Both slept soundly until 7:30 and felt somewhat restored. Downstairs to a huge buffet featuring a large ham sitting in a saddle. Ham slivers on toast drizzled with olive oil: world’s best breakfast! After carefully consulting maps we tried to figure out how to get to town without getting trapped in a tiny alleyway ending in steps, as has happened before. Actually we did OK, found an underground parking lot near the 2000-yr old Roman aqueduct and climbed up the hill into town, past an amazing carousel with large beetles, T-rexes, and models of the Titanic instead of simple horses! We followed Fodor’s walking route past churches, nunneries, around plazas to the main Cathedral and onto the Alcazar on the edge of town. Decided to leave the tourists pouring into the Castle and made our way back along the city wall. The views from the wall to the S, E, & W are of endless green plains stretching to mountains on the horizon. No slurbs or Wal-Mart’s mar the view from this treasure of a town! We stopped at a sidewalk café for pistachio ice cream and coffee and then returned to the car park and figured out how to extract our Golf successfully. Found the perimeter road and circled the town, slipping into one of the tiny parking areas and taking a short hike among brilliant wild flowers before returning to the Parador at 3:30 for a nap.
Anxious to get on line, I checked at the desk to see if they have wee-fee, as they call it here, and they actually did! Signed up for 24 hrs. Dashed back to the room and went through the usual computer frustration of having things not work…no sign of a wireless network@#$$#$ Meanwhile RRZ sat on the terrace logging in birds. There are more raptors flying around than he’s seen elsewhere; must be a very healthy ecosystem here…maybe the farmers don’t poison all the rodents and just let the hawks and eagles eat them? Also have seen many storks flying by and building huge stick nests on rooftops and chimneys.

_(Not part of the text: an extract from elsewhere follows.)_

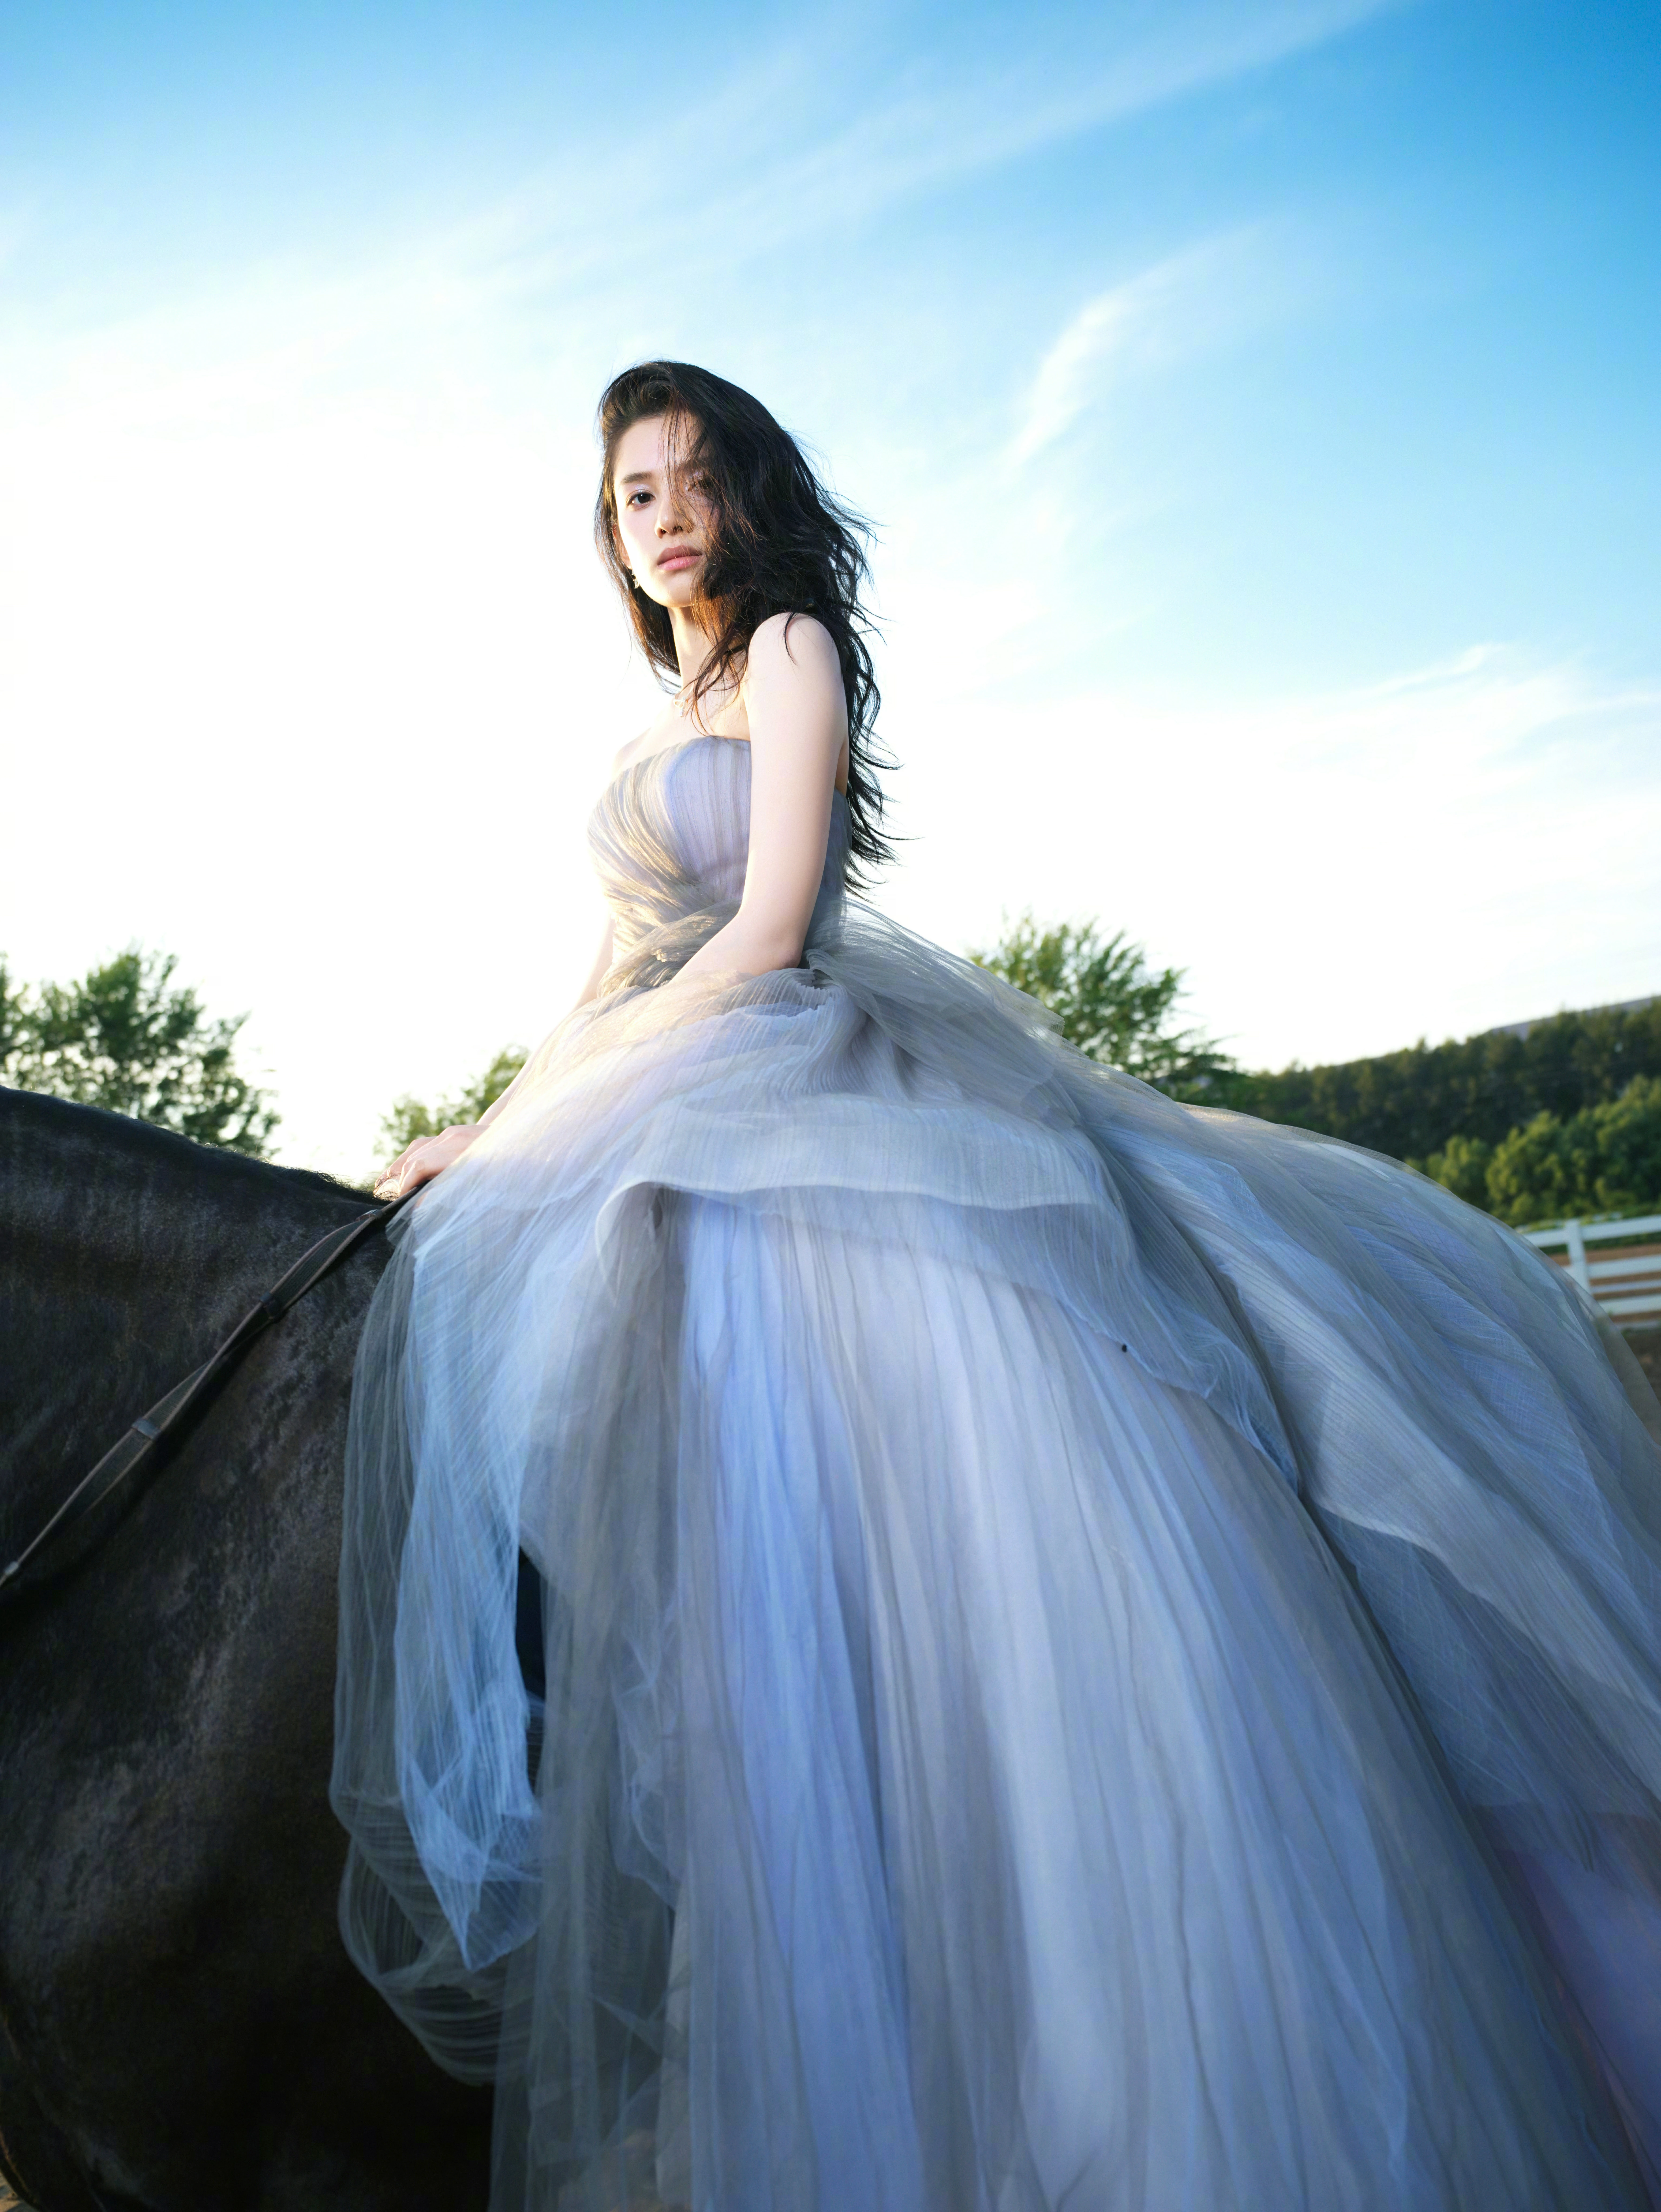 张婧仪穿蓝色公主裙显高贵气质 骑马姿势优雅侧颜迷人,1

We went down to the bar for Campari and soda and RRZ suggested maybe my wireless problem was due to distance, so ran back to the room for my computer and voila! On line in the bar! Went to dinner when the restaurant opened at 8:30..still broad daylight! I think the Spanish have skewed their clock to agree with the rest of Europe as the sun doesn’t rise until 7:30 and sets around 9:30, so eating at 10 PM isn’t really as exotic as it sounds, more like eating at 8 at home. Anyway found out that last night I had lamb sweetbreads with caramelized onions. Tonight we were handed English menus and I ordered rice with pork which came as very good risotto in a smoky ham broth with chunks of something fatty with a strange skin that I figured was pork tongue, but on glancing at the Spanish menu turned out to be boletes and morels. Pretty bizarre! Fig and chocolate soufflé for dessert.
Being Saturday night there was rock and roll blasting from the city plaza until midnight and mucho alegria!